Sent from Petguide.com Free App


----------



## SDRRanger (May 2, 2013)

Picked up Zoe this morning from the truck. She's bigger than we thought, but still very small and frail looking. Had a walk around, pictures for the rescue site, and we came home. This morning wasn't too cold, but she was shivering (not just nerves) and had to wear a jacket until we got home. 










She's met the kitties and Ranger with no issues, but definitely won't be left with access to the other animals when we're not home. Has a healing abscess under one eye from her teeth and her other eye seems a little bulgy. I'm concerned that she seems to keep her back legs splayed to keep her balance and tends to seem a little drunk, but is eating well and has peed/pooped. Has a vet appointment either tomorrow or Tuesday morning (soon as they can get us in) to see what we're up against with her. 









12lbs cat for scale


----------



## Damon'sMom (Aug 2, 2011)

I am in love! I love Iggys!


----------



## d_ray (Nov 5, 2013)

Poor girl. She looks so fragile. Is she an italian greyhound mix?


----------



## BostonBullMama (Apr 20, 2013)

She looks so fragile...  Poor pumpkin


----------



## SDRRanger (May 2, 2013)

d_ray said:


> Poor girl. She looks so fragile. Is she an italian greyhound mix?

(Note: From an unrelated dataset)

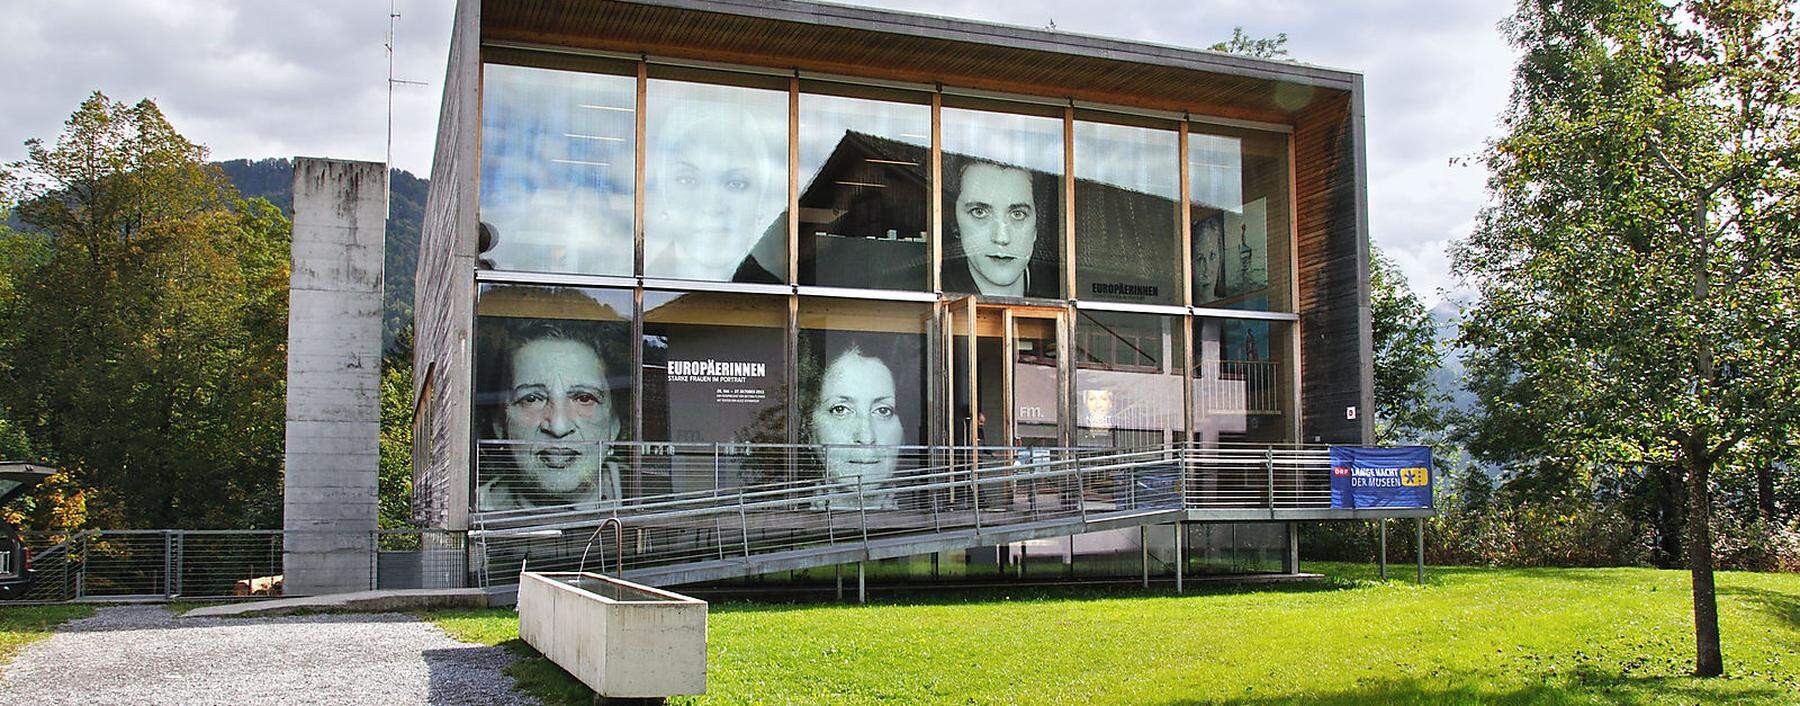 Das weltweit erste Frauenmuseum steht in Hittisau im Bregenzerwald.
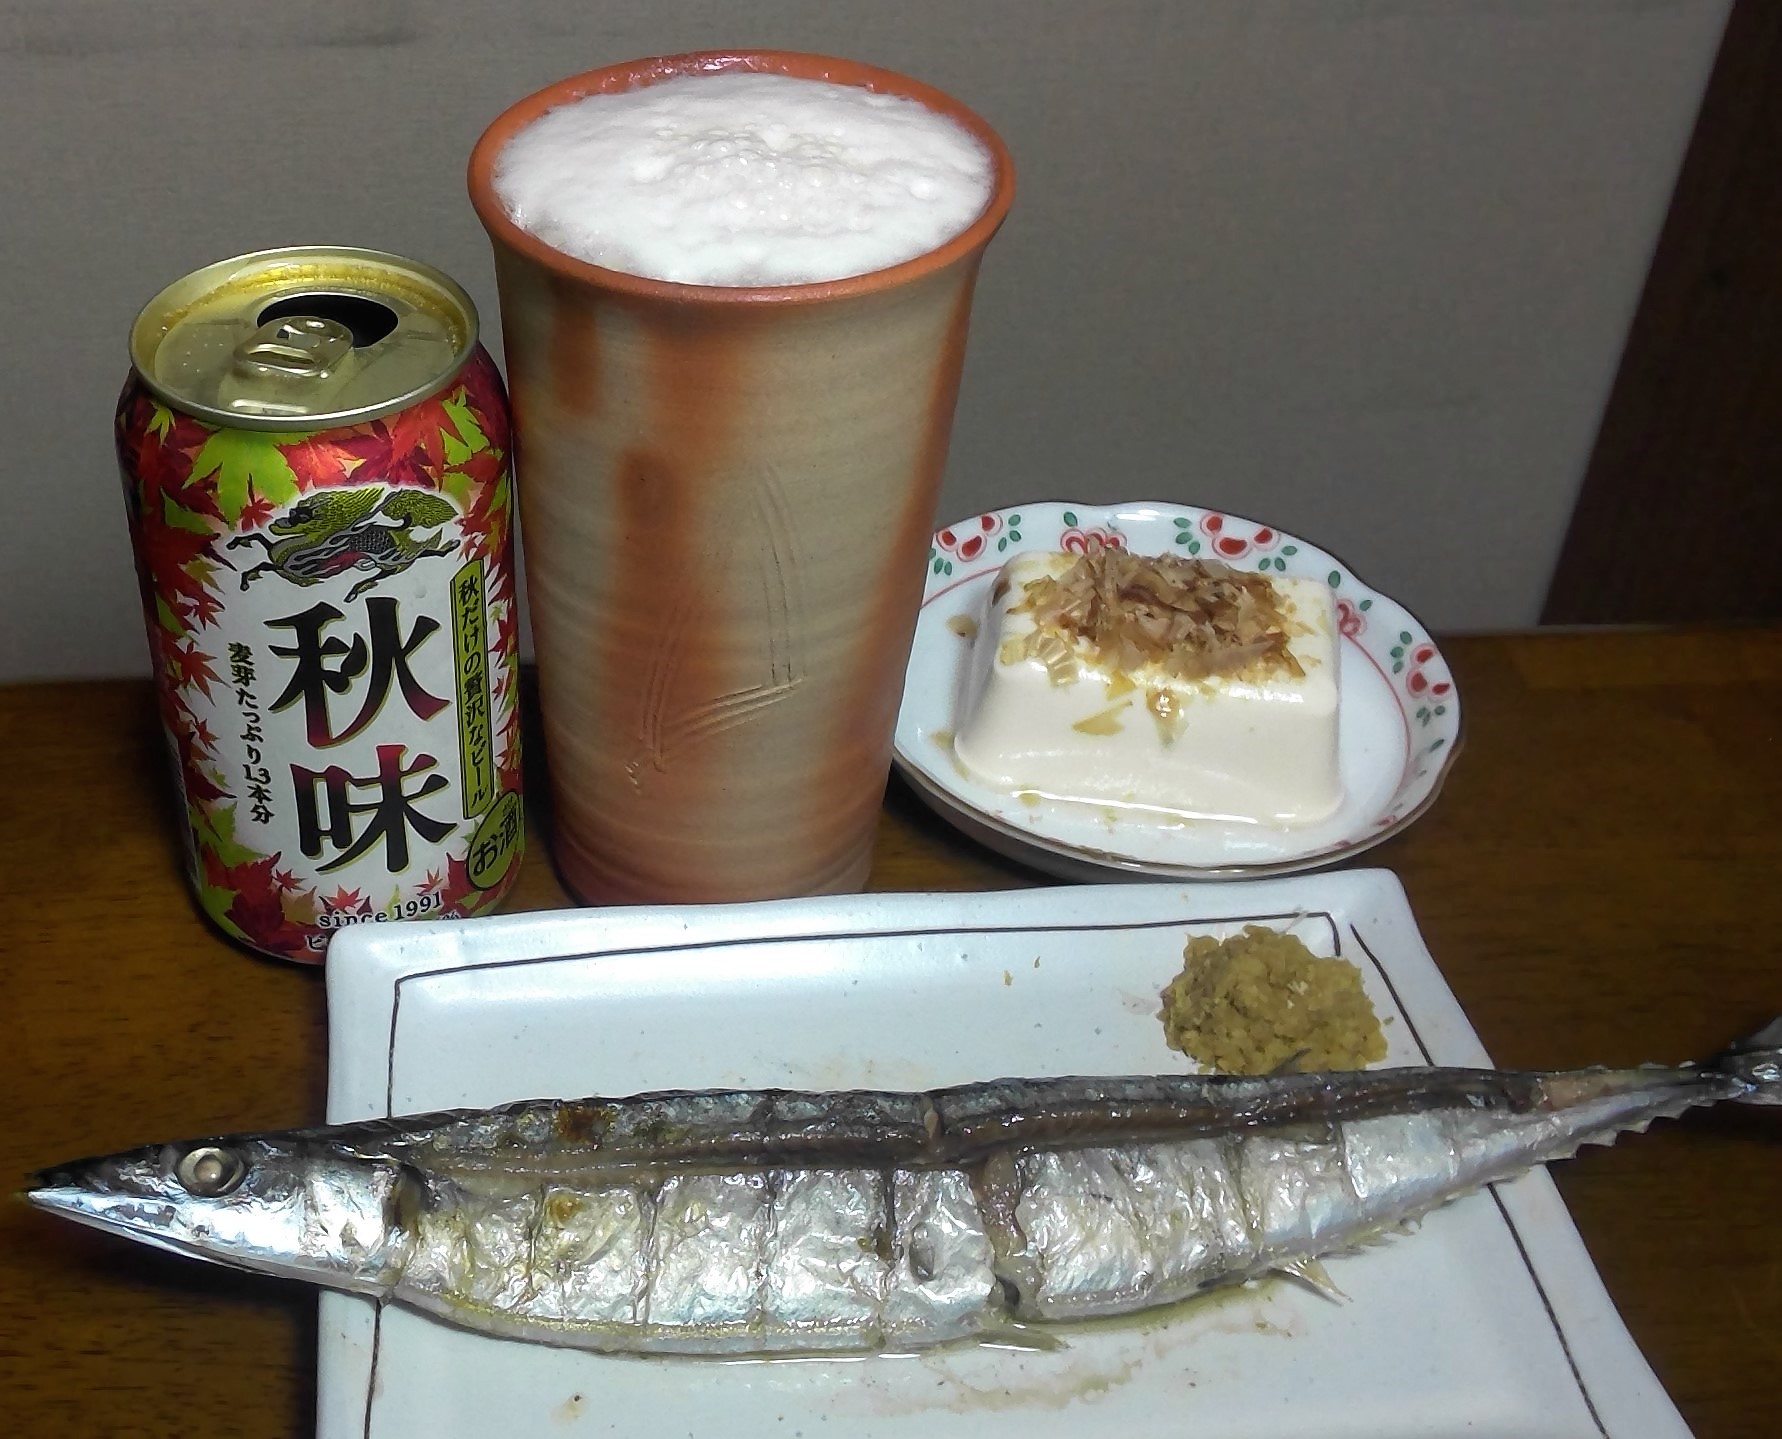 小ぶりだけど、生秋刀魚が105円だったので買いました。 秋刀魚に

She is an italian greyhound (iggy) in need of some serious dental work. Vet appointment is in two hours and we get to see what we're up against then. She slept well through the night curled up with me and we haven't had accidents (but I think that's more to do with me popping her out like a puppy as opposed to her house training skills). She's eating well though and is very sweet.


----------



## SDRRanger (May 2, 2013)

Had a horrible but enlightening vet appointment. 

- 4/4 dental disease with pus and tartar over the canines and molars
- healing abscess under eye
- head tilt, circling and ataxia (could be caused by old dog vestibular, her teeth, or a tumour...complete with bulgy eye)
- cataracts (severe)

He thinks her heart and organs may have already suffered from her teeth, and sight hounds can have issues with anaesthetic. Her teeth may possibly be the only thing holding her jaw together. It's just a big load of suck...and she's closer to 15 than 10. 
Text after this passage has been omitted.